Assignment: Word for word, restate the listing that follows and leave out the images.

Stored data:
================================

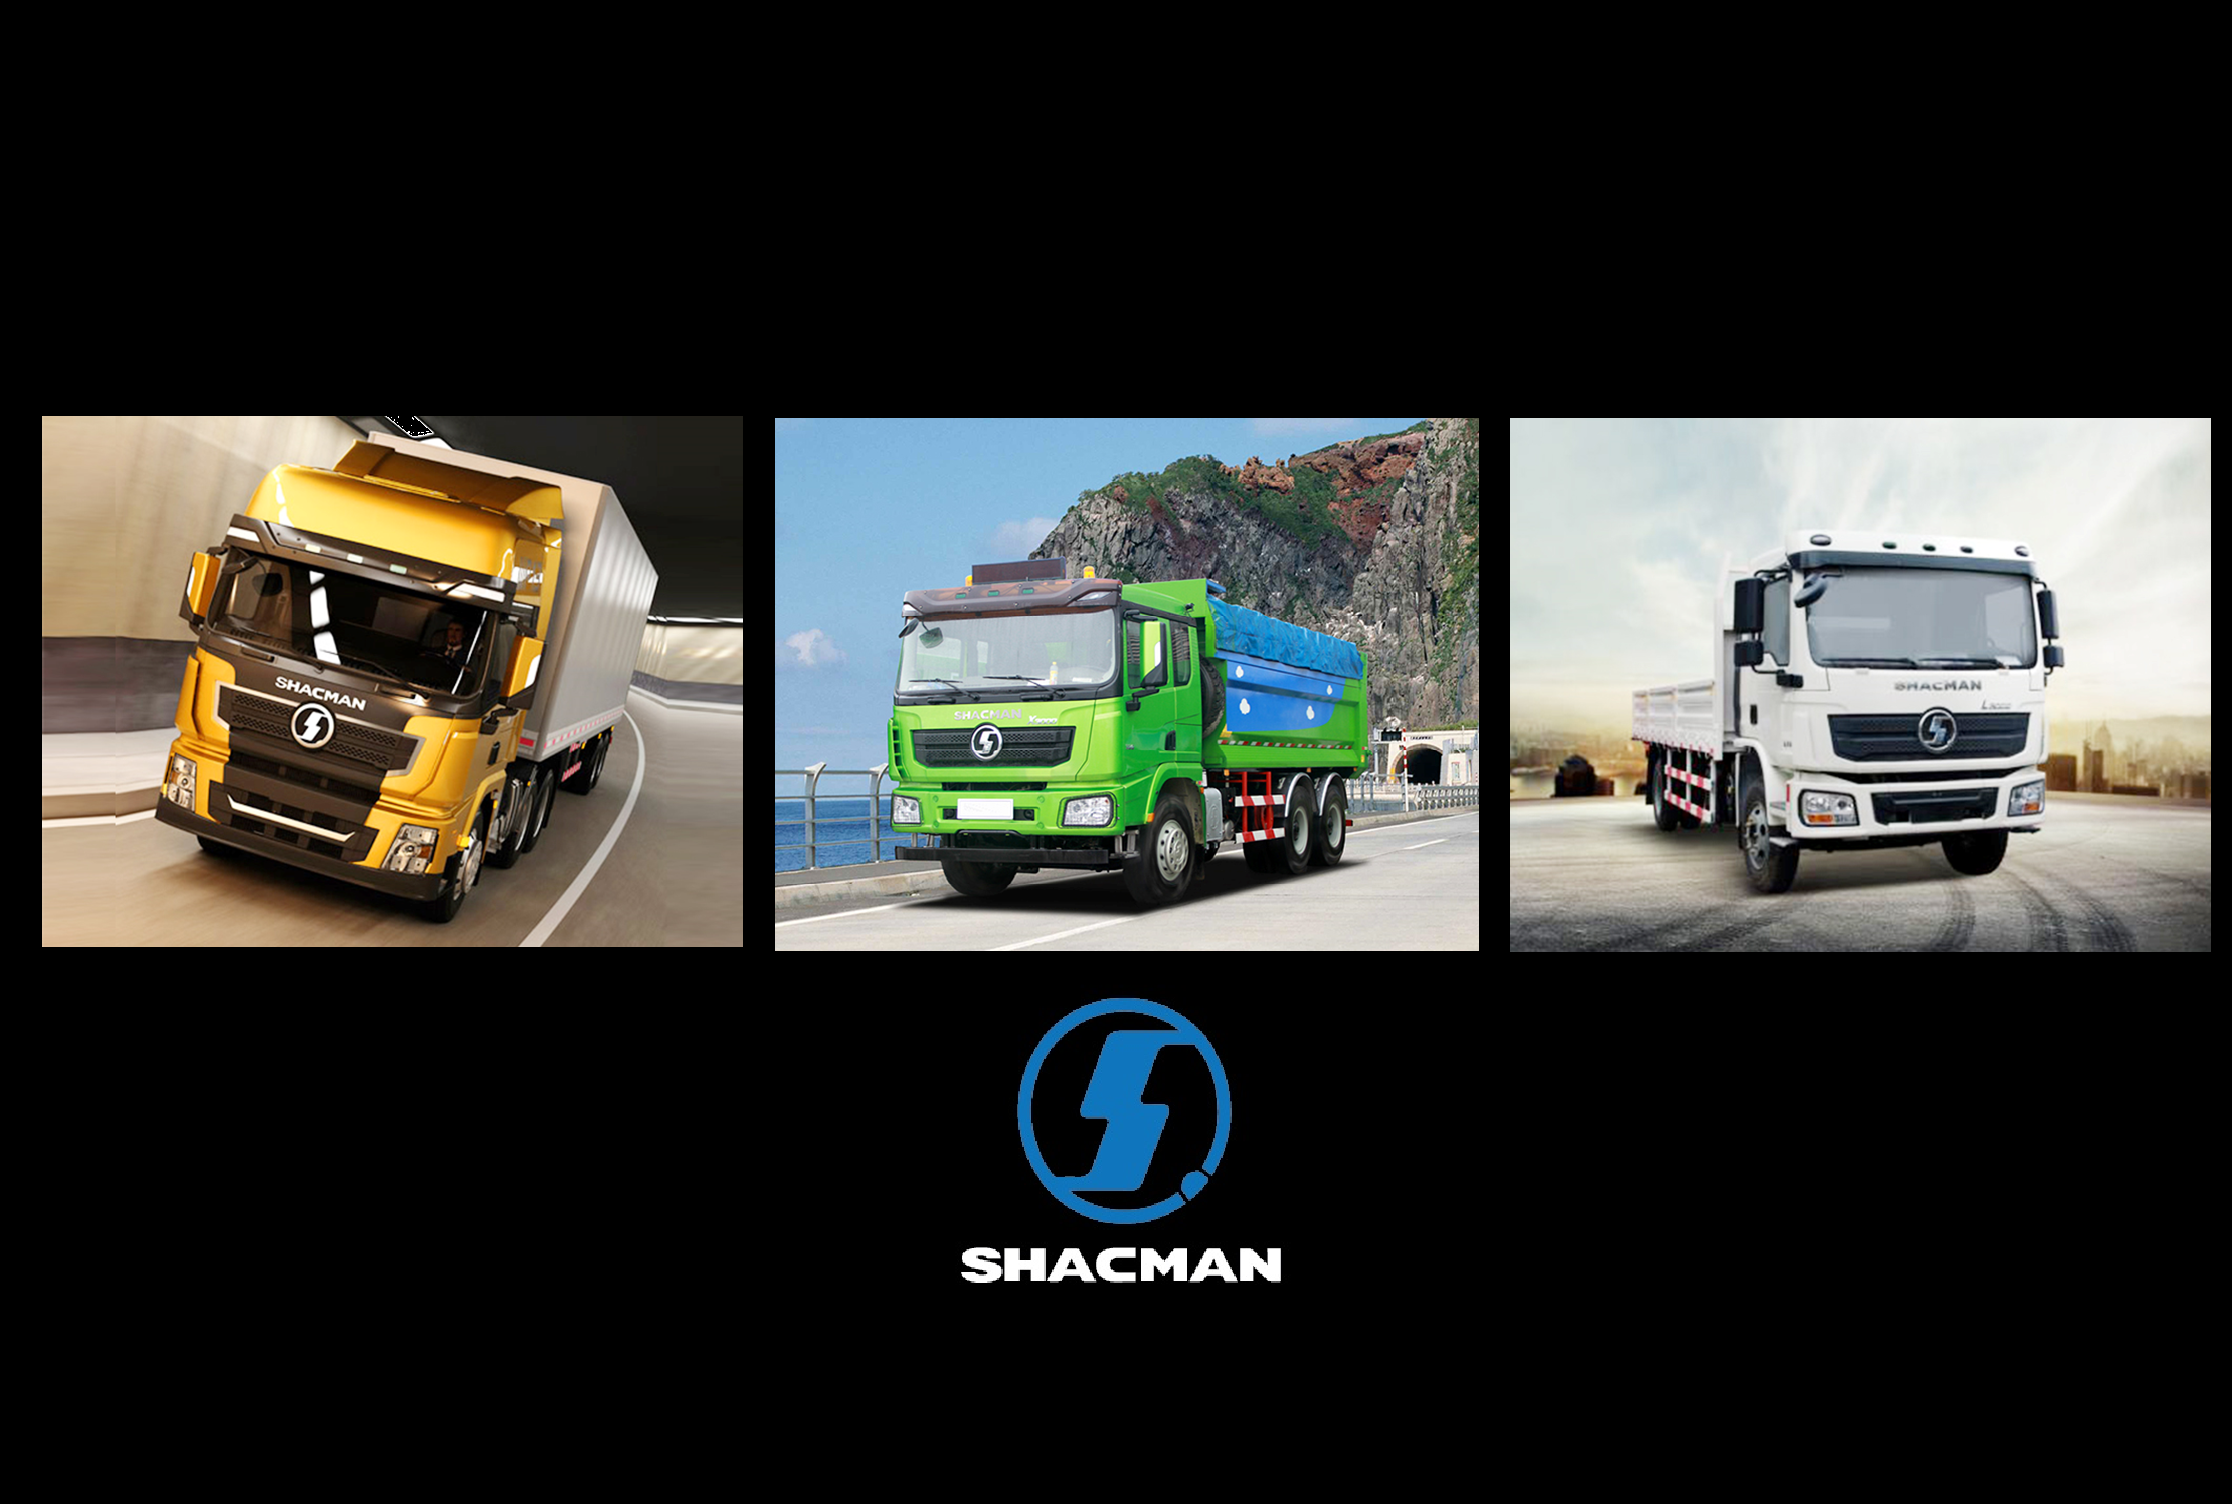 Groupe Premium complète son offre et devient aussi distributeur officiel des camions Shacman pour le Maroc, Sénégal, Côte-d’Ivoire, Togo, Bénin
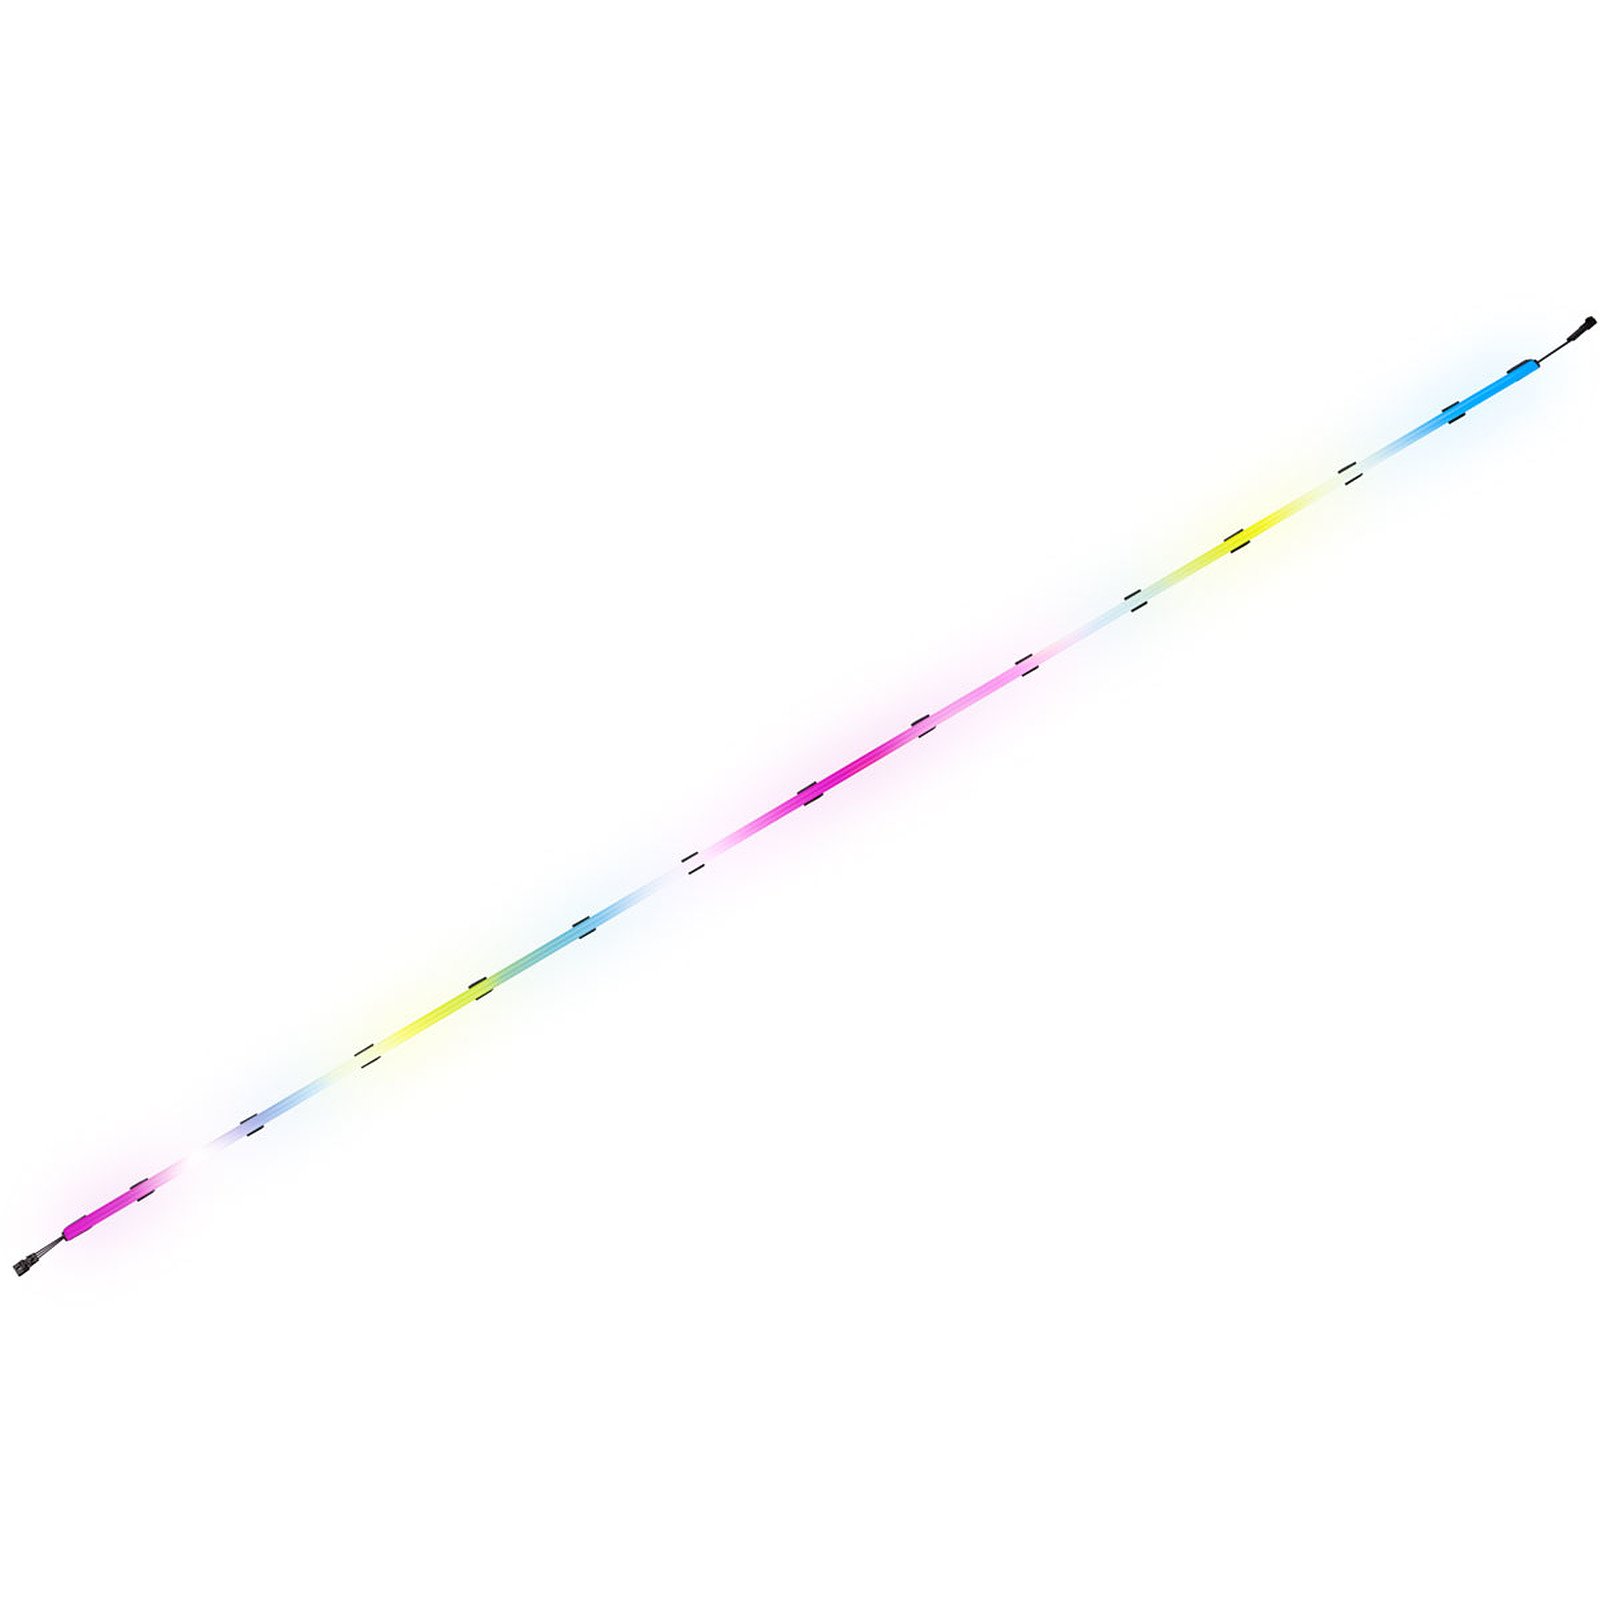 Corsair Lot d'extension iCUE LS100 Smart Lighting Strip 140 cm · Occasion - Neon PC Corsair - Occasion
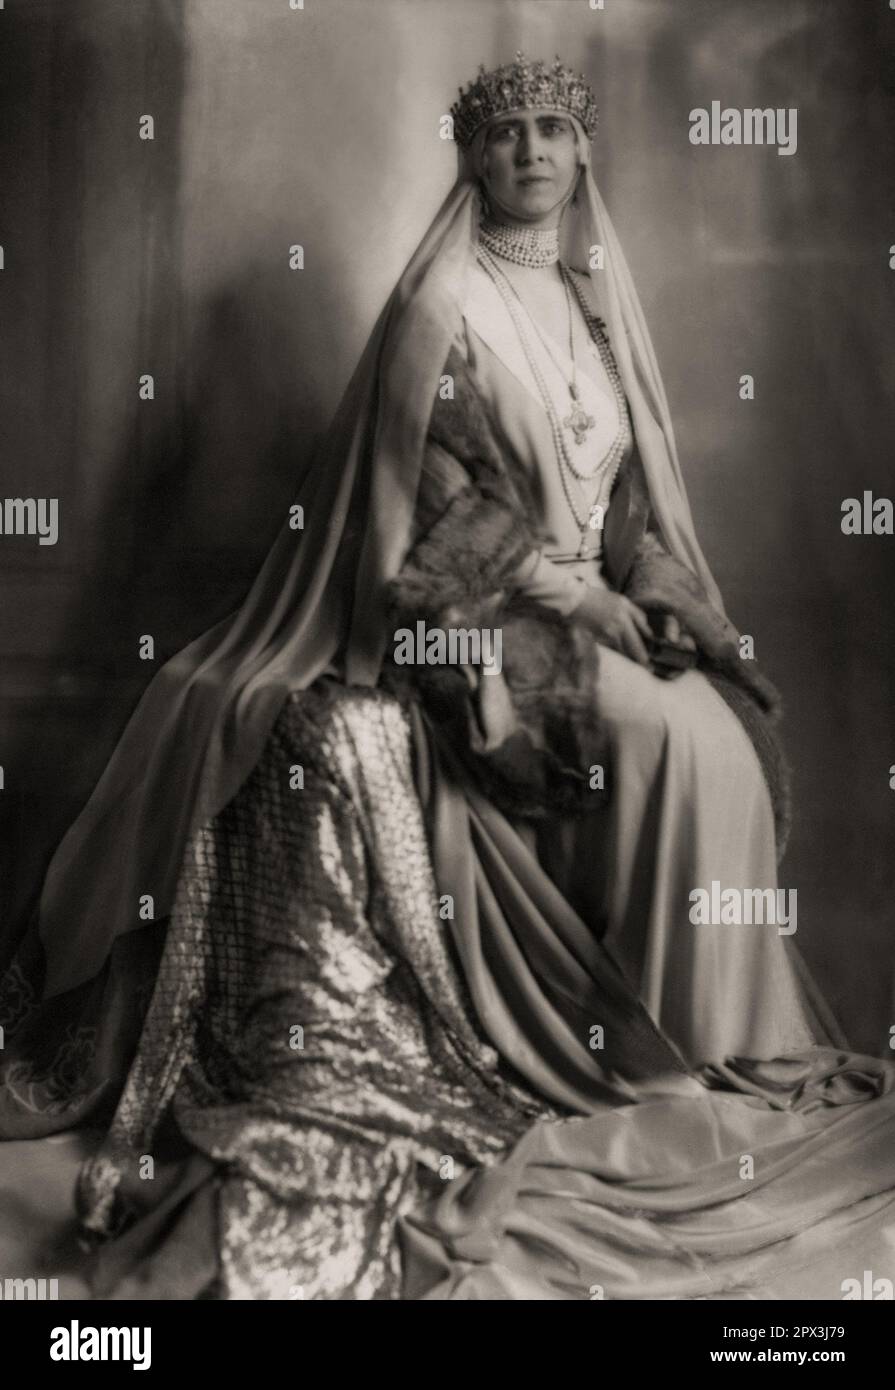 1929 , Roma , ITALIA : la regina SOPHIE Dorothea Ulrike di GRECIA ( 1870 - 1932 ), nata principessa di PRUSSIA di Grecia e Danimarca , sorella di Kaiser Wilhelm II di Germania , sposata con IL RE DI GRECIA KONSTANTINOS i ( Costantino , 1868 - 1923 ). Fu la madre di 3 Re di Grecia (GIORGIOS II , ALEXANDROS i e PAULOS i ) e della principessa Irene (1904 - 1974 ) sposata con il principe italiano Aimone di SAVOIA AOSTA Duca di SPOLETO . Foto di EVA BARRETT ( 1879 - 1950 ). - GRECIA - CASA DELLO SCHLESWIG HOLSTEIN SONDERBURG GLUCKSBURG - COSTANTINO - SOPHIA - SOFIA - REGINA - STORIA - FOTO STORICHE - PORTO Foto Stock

================================

Expected answer:
 Groupe Premium complète son offre et devient aussi distributeur officiel des camions Shacman pour le Maroc, Sénégal, Côte-d’Ivoire, Togo, Bénin
 Corsair Lot d'extension iCUE LS100 Smart Lighting Strip 140 cm · Occasion - Neon PC Corsair - Occasion
 1929 , Roma , ITALIA : la regina SOPHIE Dorothea Ulrike di GRECIA ( 1870 - 1932 ), nata principessa di PRUSSIA di Grecia e Danimarca , sorella di Kaiser Wilhelm II di Germania , sposata con IL RE DI GRECIA KONSTANTINOS i ( Costantino , 1868 - 1923 ). Fu la madre di 3 Re di Grecia (GIORGIOS II , ALEXANDROS i e PAULOS i ) e della principessa Irene (1904 - 1974 ) sposata con il principe italiano Aimone di SAVOIA AOSTA Duca di SPOLETO . Foto di EVA BARRETT ( 1879 - 1950 ). - GRECIA - CASA DELLO SCHLESWIG HOLSTEIN SONDERBURG GLUCKSBURG - COSTANTINO - SOPHIA - SOFIA - REGINA - STORIA - FOTO STORICHE - PORTO Foto Stock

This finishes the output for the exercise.